In the treatment of chronic prostatitis, patients are advised to refrain from tempting offers to use herbs. Dietary supplements and herbal supplements are characterized by the instability of plant components in part of the material, even in the same manufacturer's preparation. In addition, from the point of view of evidence-based medicine, the benefits of herbal healing are beyond criticism.

Prostate massage, which was the basis of therapy in the middle of the 20th century, is now, thanks to new scientific approaches and the Meares-Stamey classification, an important tool in the diagnosis of prostatitis, but not in its treatment.It is not necessary to use prostate massage as a therapeutic procedure (the effect is not proven).There are suggestions that frequent ejaculation is similar in properties to therapeutic prostate massage.

Other methods that have been shown to be effective in only one or a few studies or are still being investigated include:

  • pelvic floor muscle training - some evidence suggests that specific exercises are effective in reducing symptoms of chronic prostatitis and chronic pelvic pain syndrome;
  • acupuncture - some studies indicate that acupuncture is beneficial compared to placebo in patients with chronic prostatitis;
  • extracorporeal shock wave therapy - due to the effect of significant amplitude acoustic pulses on connective and bone tissue, widely used in the treatment of locomotor diseases, recently used in urology, its effectiveness is being investigated;
  • behavioral therapy and psychological support - since chronic prostatitis is associated with a low quality of life and the development of depression, these methods can improve the patient's psychological state and help reduce some symptoms of the disease.

It is worth mentioning separatelyasymptomatic (asymptomatic) chronic prostatitis.
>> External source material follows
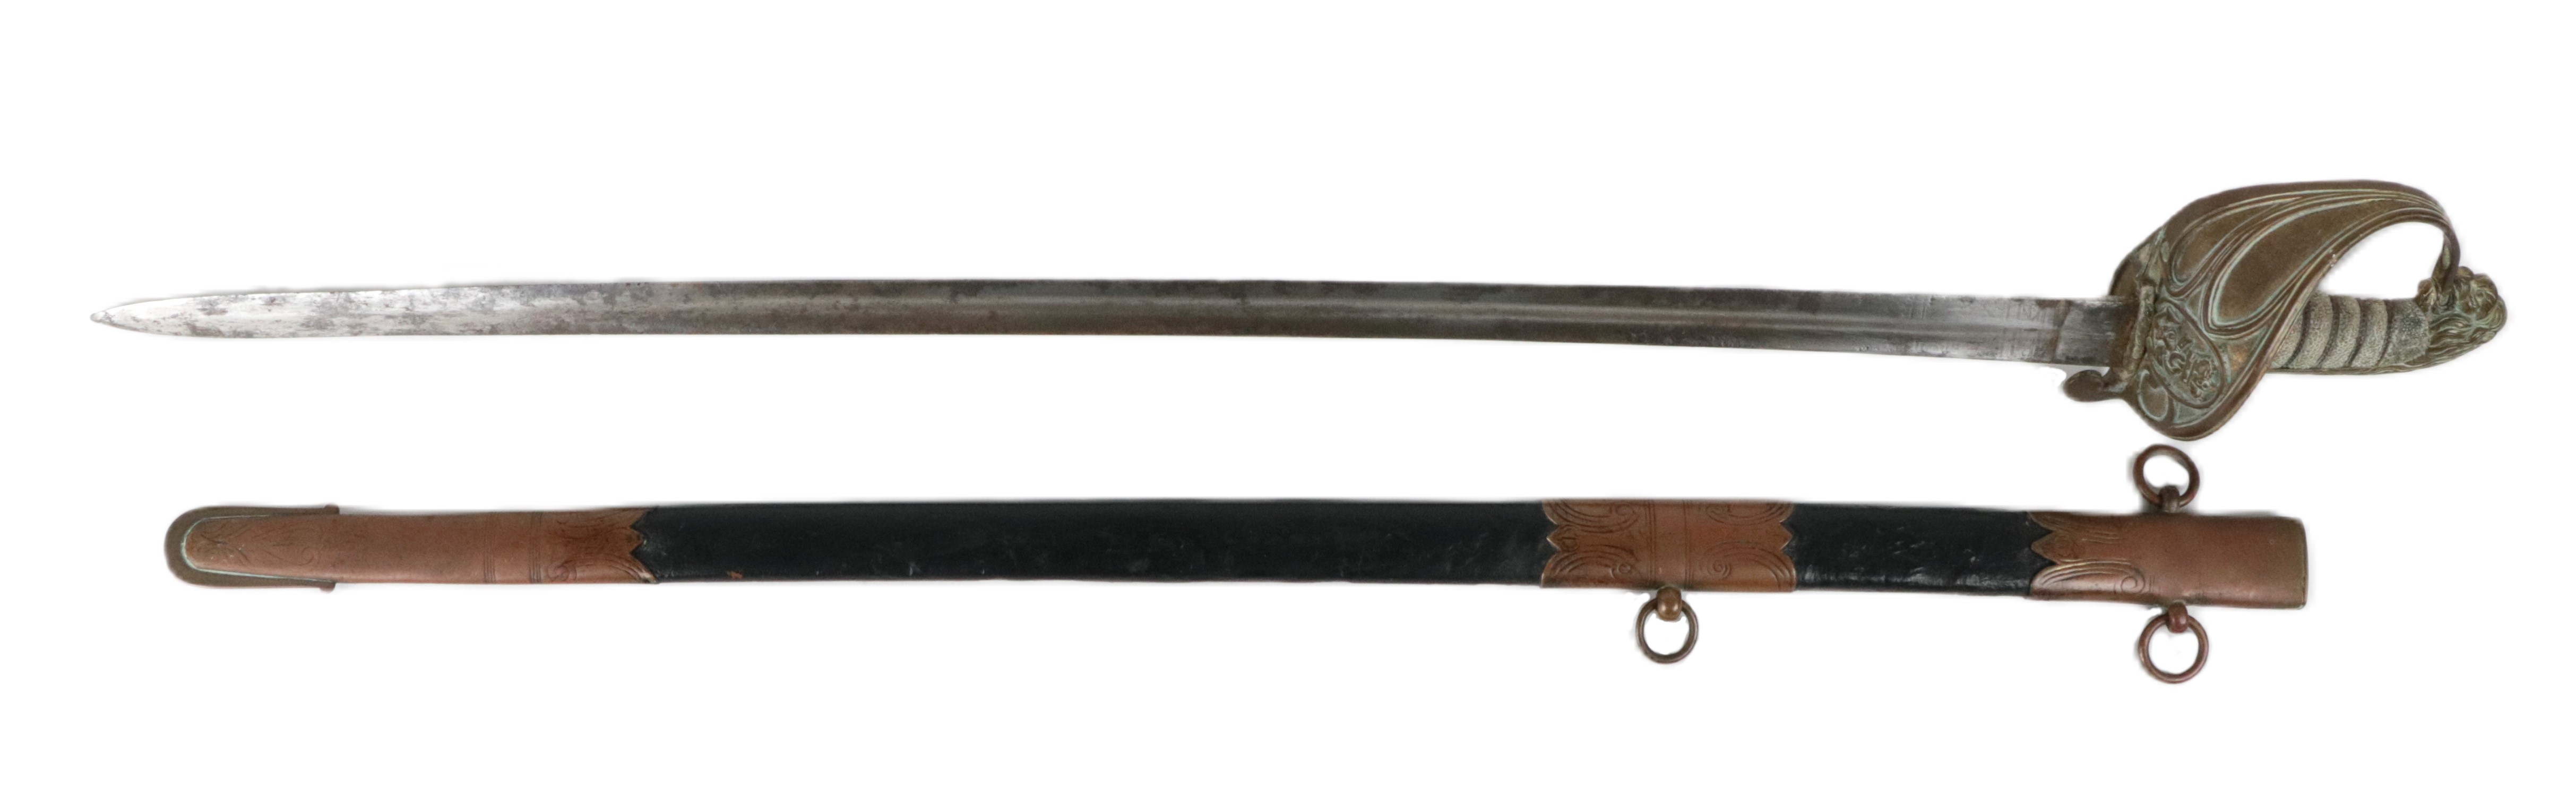 Militaria: A late 19th Century Naval Sword, probably by James Cracknell, Portsea (makers marks worn) - Image 2 of 4

The diagnosis is most often made based on the results of the histological report - after a biopsy of the prostate or surgical treatment of the prostate. The frequency of detection of inflammation in prostate tissue varies from 44% (with prostate biopsy) to 98-100% (after surgical treatment of the prostate). According to scientists, the inflammatory changes identified in this way are nothing more than age-related physiological characteristics. No one specifically diagnoses this category of prostatitis, it is a kind of accidental discovery. It does not require treatment and requires no further intervention by either the doctor or the patient.
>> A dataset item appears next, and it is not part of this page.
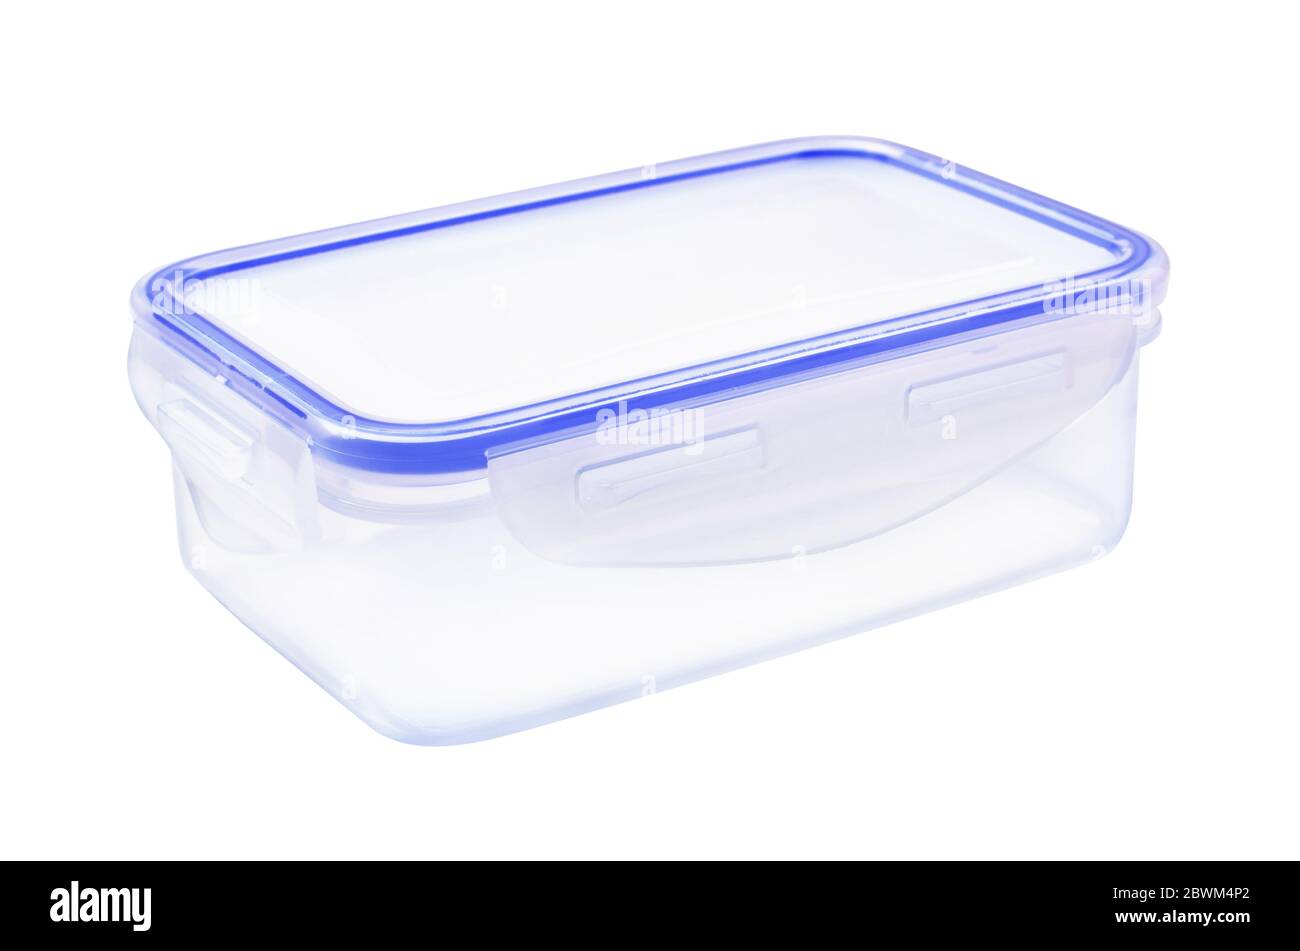 https://c8.alamy.com/comp/2BWM4P2/plastic-food-container-lunch-box-with-a-lid-isolated-on-white-background-2BWM4P2.jpg
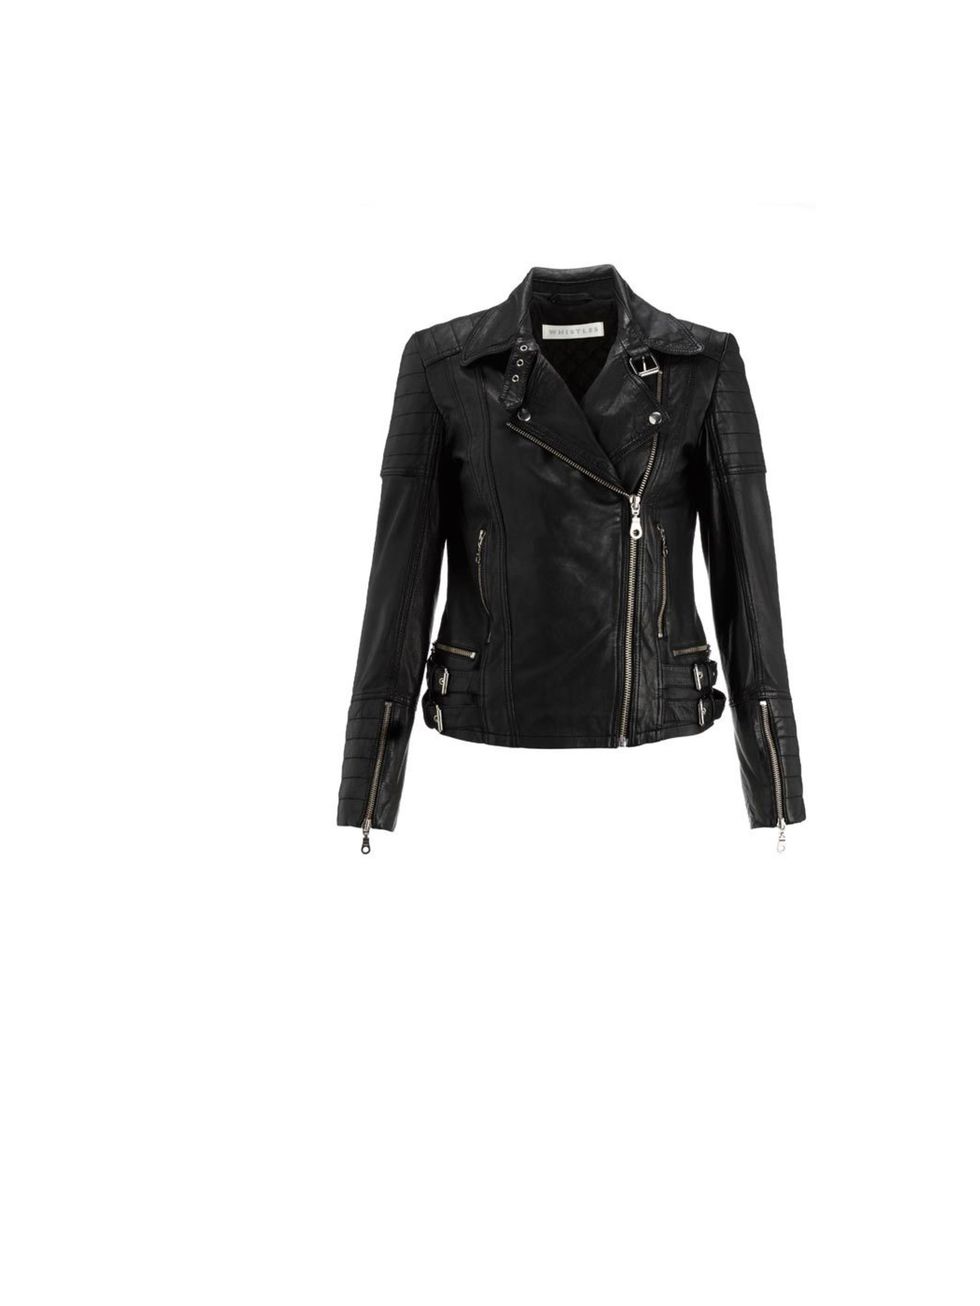 <p><a href="http://www.whistles.co.uk/fcp/categorylist/dept/shop?resetFilters=true">Whistles</a> extended shoulder leather jacket, £295</p>

How is chronic prostatitis treated in a specialized clinic?

During the last 10 years, 47 monographs were published in Hungary, and 64 master's and doctoral theses dealing with prostatitis were defended. Not to mention the various "popular" publications, which colorfully describe the causes, diagnosis and various methods of treatment of the disease. What does this mean? The fact is that the topic of prostatitis raises many questions, and some of them, unfortunately, still do not have a clear answer. There are many modern drugs with proven effectiveness, but the number of patients diagnosed with chronic prostatitis is not decreasing.
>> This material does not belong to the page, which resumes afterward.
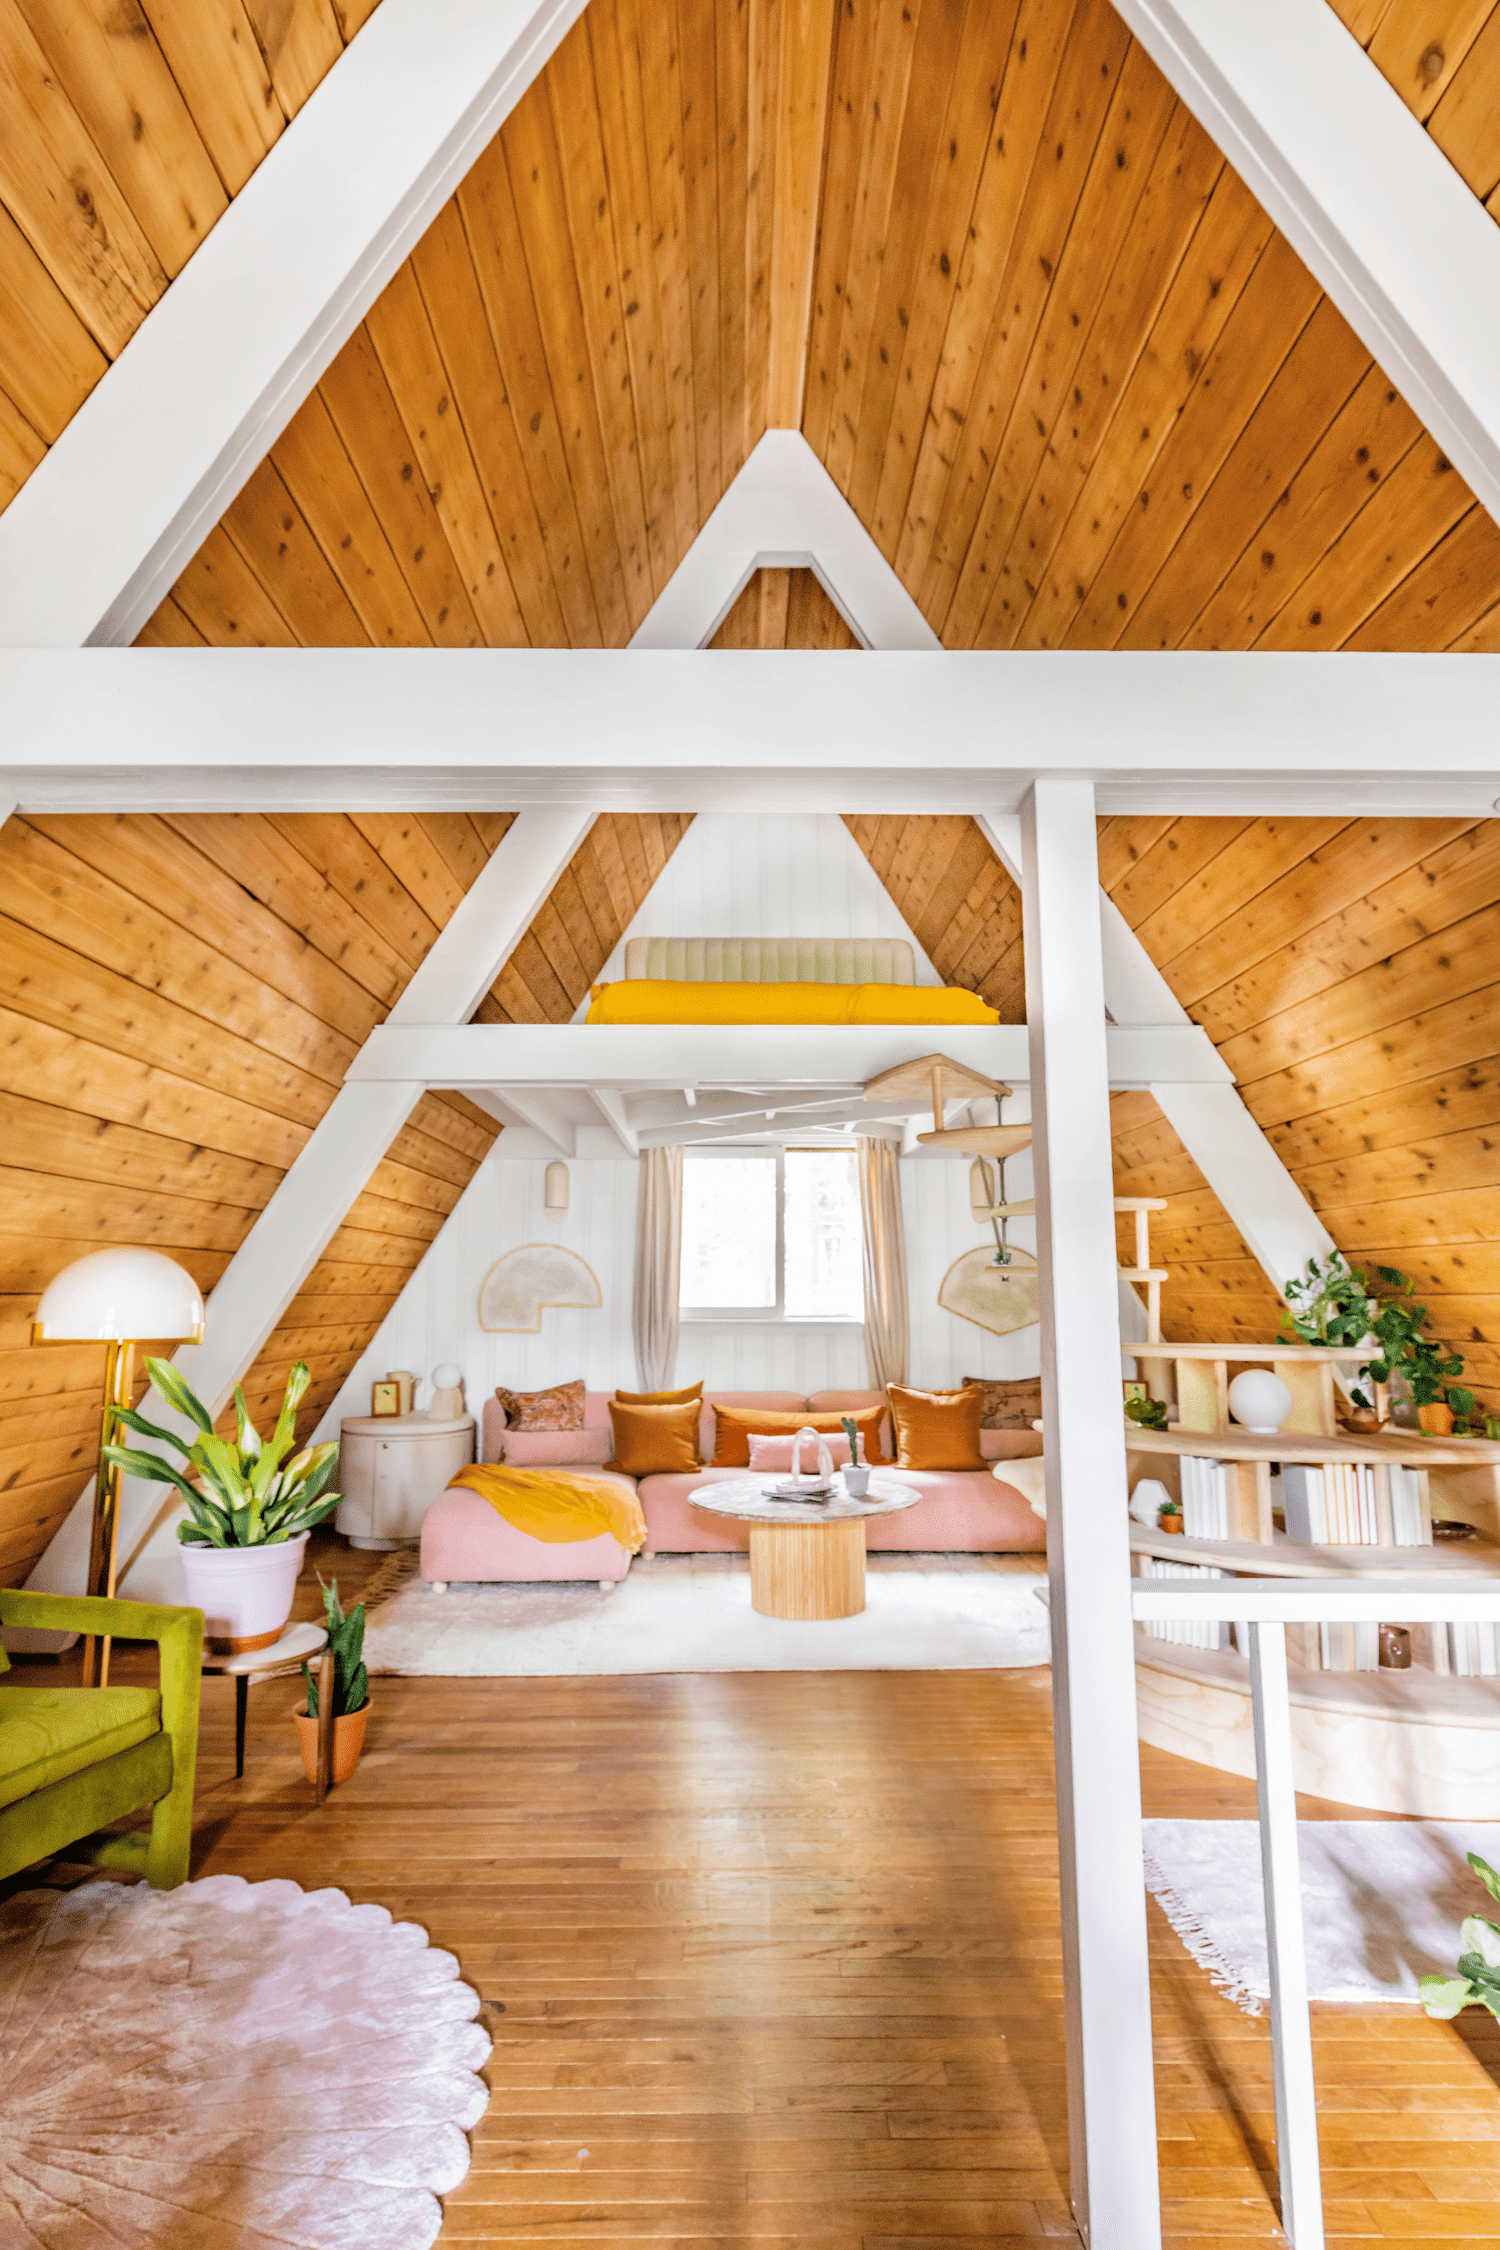 A-Frame Space of the Week

That is why urologists try to get the most complete picture when diagnosing and treating prostatitis. They question the patient in detail about the signs and symptoms, study the results of previous examinations, and pay attention not only to the clinical symptoms of the disease, but also to other aspects of health, including the patient's neurological and psychological state - as this can provoke the occurrence of characteristic manifestations. At the same time, unnecessary examinations and studies are not prescribed.